Dine on the terrace and expect typical Umbrian cuisine. It’s all created in the traditional way, including the homemade pasta. But it’s all about the Panna Cotta Fantasia. So, eat the dessert first. Life is short and unpredictable.
Sleep in Umbria:
Borgo dei Conti in Montepetriolo (a few kilometers from Perugia), has a long driveway that leads to the elegant resort.
This historic 50-room hotel, part of the Relais & Chateaux group, is widespread and set in a 20-hectare ancient pine forest. Inside the Italian Middle Ages and subsequent eras have left an indelible mark, yet sits comfortably alongside 21st century mod cons.
In addition to the superb setting and accommodations is another restaurant (which overlooks the infinity pool), a jacuzzi, Technogym machines, two saunas, a Turkish bath, and the two emotional chrome showers.

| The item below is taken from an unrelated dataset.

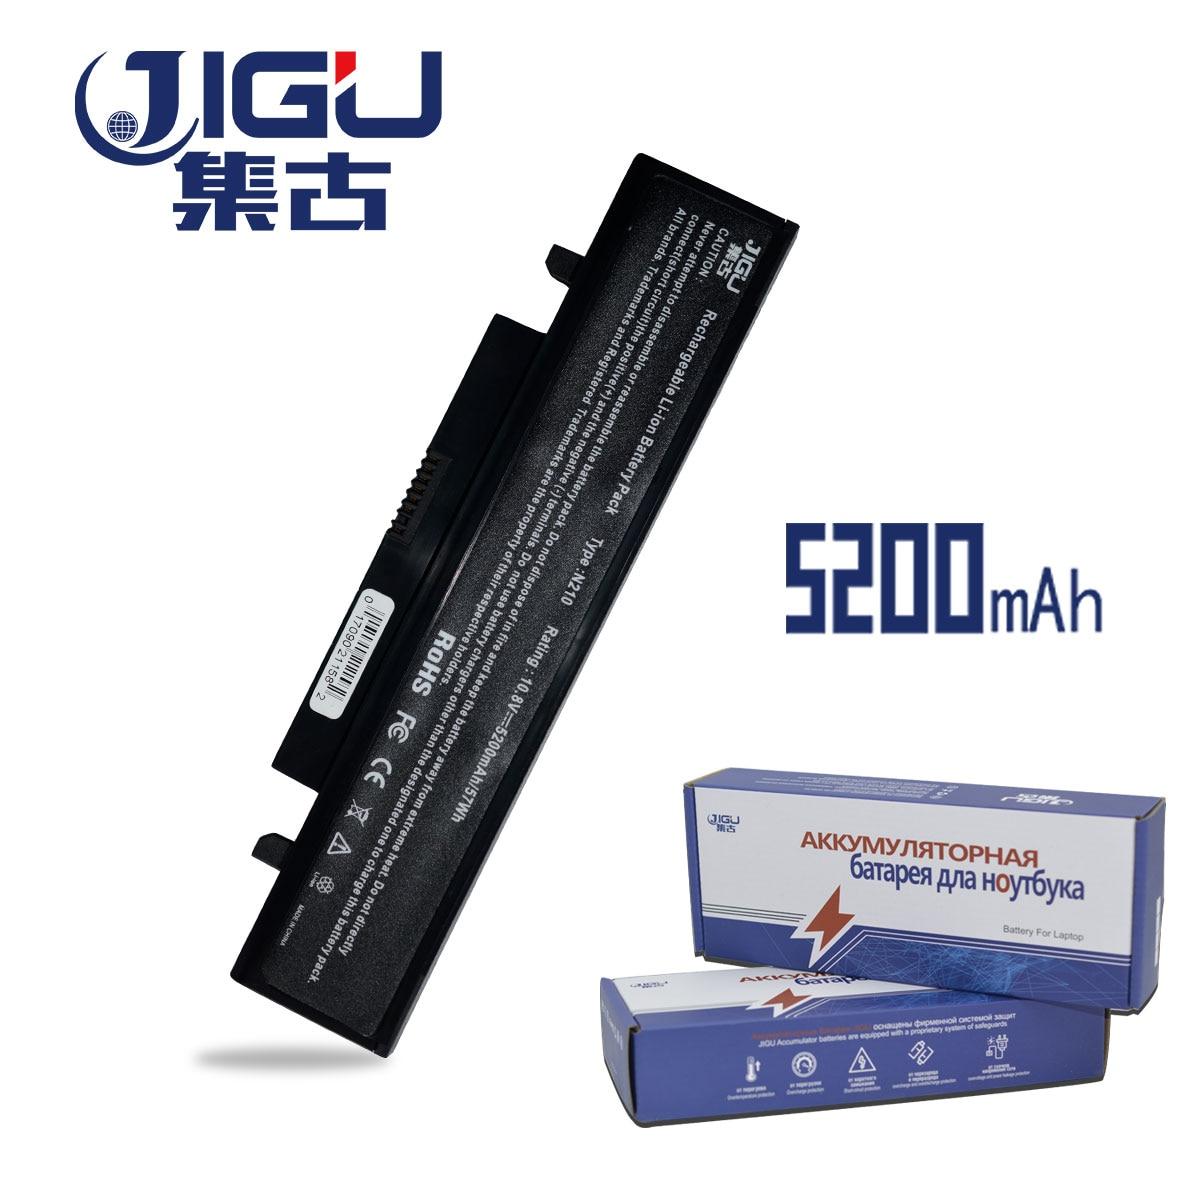 JIGU nueva batería de ordenador portátil para Samsung NB30 N210 N220 N230 X418 X420 X520 Q330... NP-NB30 NT-NB30 NP-N210 NT-N210 NP-X418

Dining on the terrace under giant pines, is heavenly. Expect waves of gourmet delight.
Arts & Crafts of Umbria
The village of Bevagna is a member of the Most Beautiful Towns of Italy club for its environmental, cultural and artistic heritage. The town, whose medieval urban layout remains intact, is surrounded by ancient walls, with towers and gates.
The Cultural Circuit of Bevagna’s Medieval Crafts is fascinating. Here masters of the art and expert craftsmen demonstrate the medieval crafts, using ancient production methods in creating of cotton paper derived from rags, beeswax candles dissolved in boilers then twisted into a ‘duplero’, medieval painting techniques, and silk fabrics from breeding silkworms used in weaving the precious thread on 15th century looms.
Dining in Bevagna
There is only one true way to get to know a region’s food, and that’s to go there, and eat the food among the people who consume it every day.
That way it’s seasoned with a sense of the place, the landscape, the culture, and traditions. And this is what you’ll find at Le Barbatelle, an intimate two-level restaurant with outdoor tables all year round.
On the menu are only the best local, artisanal, and seasonal produce of the area, paired with natural and organic wines.
Iconic American chef, Jennifer McIlvaine brings something else to the plate besides food – her own formula is about the art, the music, the place, the ingredients.
It’s the whole concept behind her food that makes it far more interesting. And it’s all made with centuries of traditional ingredients but used in a different way. Taking memories of food and interpreting them in a modern way.
The fairy-tale village of Scheggino
The next stop is Scheggino, a 13th century triangular-shaped hillside village, with around 450 inhabitants.
To me, Scheggino is the prettiest village in all of Italy. I walked the narrow medieval cobbled streets and climbed the many steps, agog at such a concentration of fairy-tale perfection.
It’s surrounded by nature, and at every corner is a view more splendid than the last. I never once saw a home (each perfectly preserved) I wouldn’t want to live in, or a view I wouldn’t want to call my own.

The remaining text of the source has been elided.